If the US/Canadian/NATO governments knew that the crypto could be broken, they wouldn't give RIM certifications:
And those governments are using the exact same server software that they'd sell to you or me?
Maybe BlackBerry is as secure as people claim them to be. I certainly hope so! But I absolutely would not take a proprietary encryption vendor's word for it.
Dewey, what part of this looks like authorities should be involved?
As Rene Ritchie points out, "every single one of Apple's major mobile competitors now makes apps for iOS."
Dear Slashdot: next time you want to mess with the site, add a rich-text editor for comments.
1) I wonder why RIM would take one of the things people like about their platform and give it away free to competing platforms? It's not like BBM is a wasteland with no existing users.
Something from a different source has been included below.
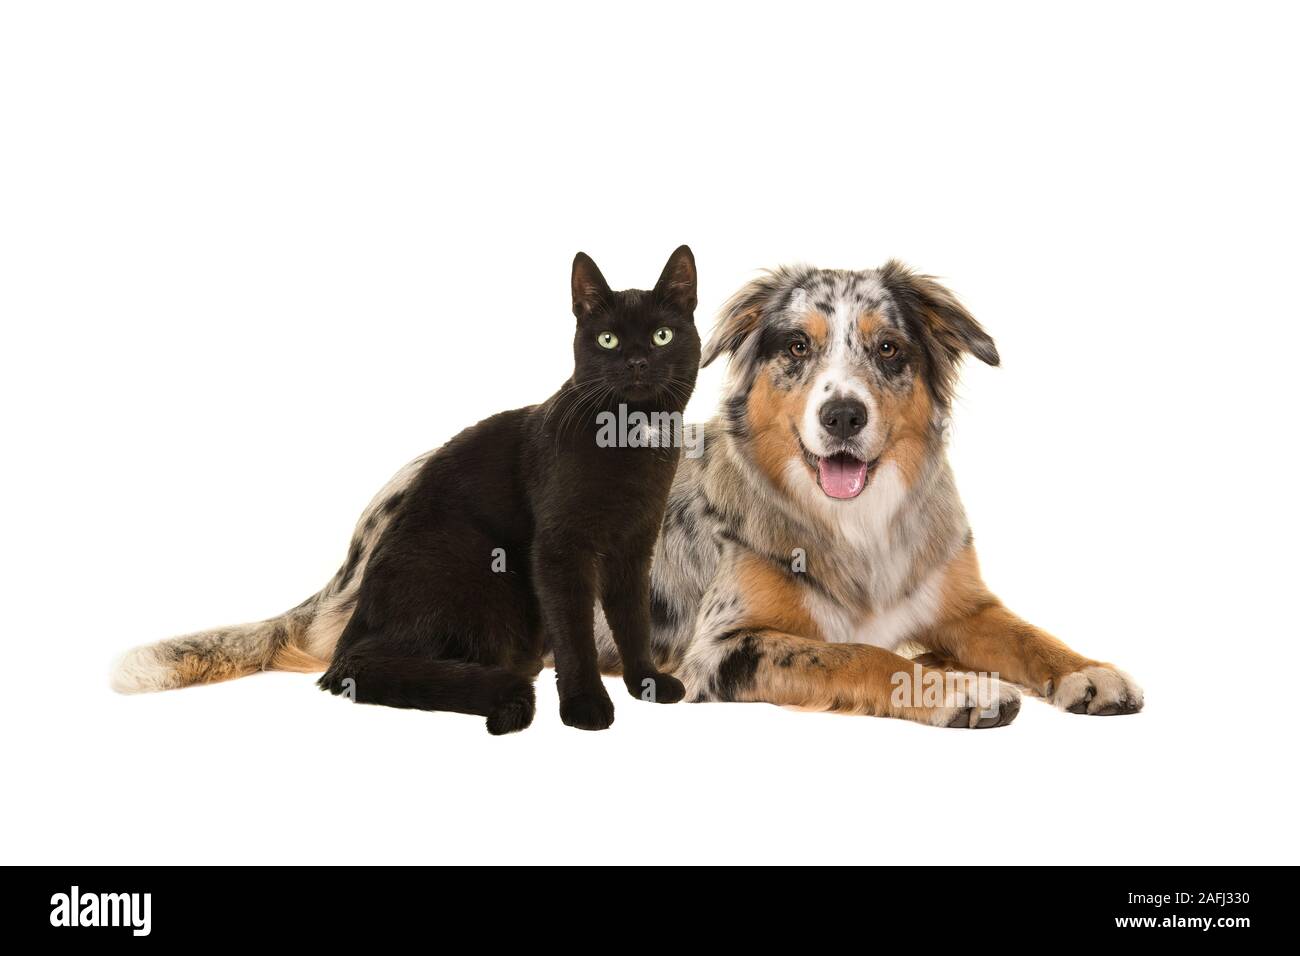 Ziemlich liegend blue merle Australian Shepherd Dog und eine sitzende schwarze Katze zusammen mit Blick auf die Kamera auf einem weißen Hintergrund isoliert Stockfoto

2) If only Apple would open up iMessage, then this would be a real story. I can only dream of the day when I can iMessage from a PC using Pidgin.
I bet that once the MDM code for the BES10 Secure Work Spaces got done to talk to the SRP infrastructure, 90pc of the work to make BBM work on those platforms was done too.
Where's the protocol's formal specifiction? Where's the source for the reference client implemention? And the server one?
Without any of those, there's no way to prove that what you're saying is true.
Google Talk also lets me make free international long distance phone calls, while still only has the same limitations that BBM does: it's effectively insecure and only works with other people who subscribe to it.
Google Talk is a federated XMPP server. I chat with dozens of friends who use it, without having my own google account; I just use my own XMPP server.
XMPP has end-to-end encryption, both for chat and video (pidgin-gpg, jitsi, etc).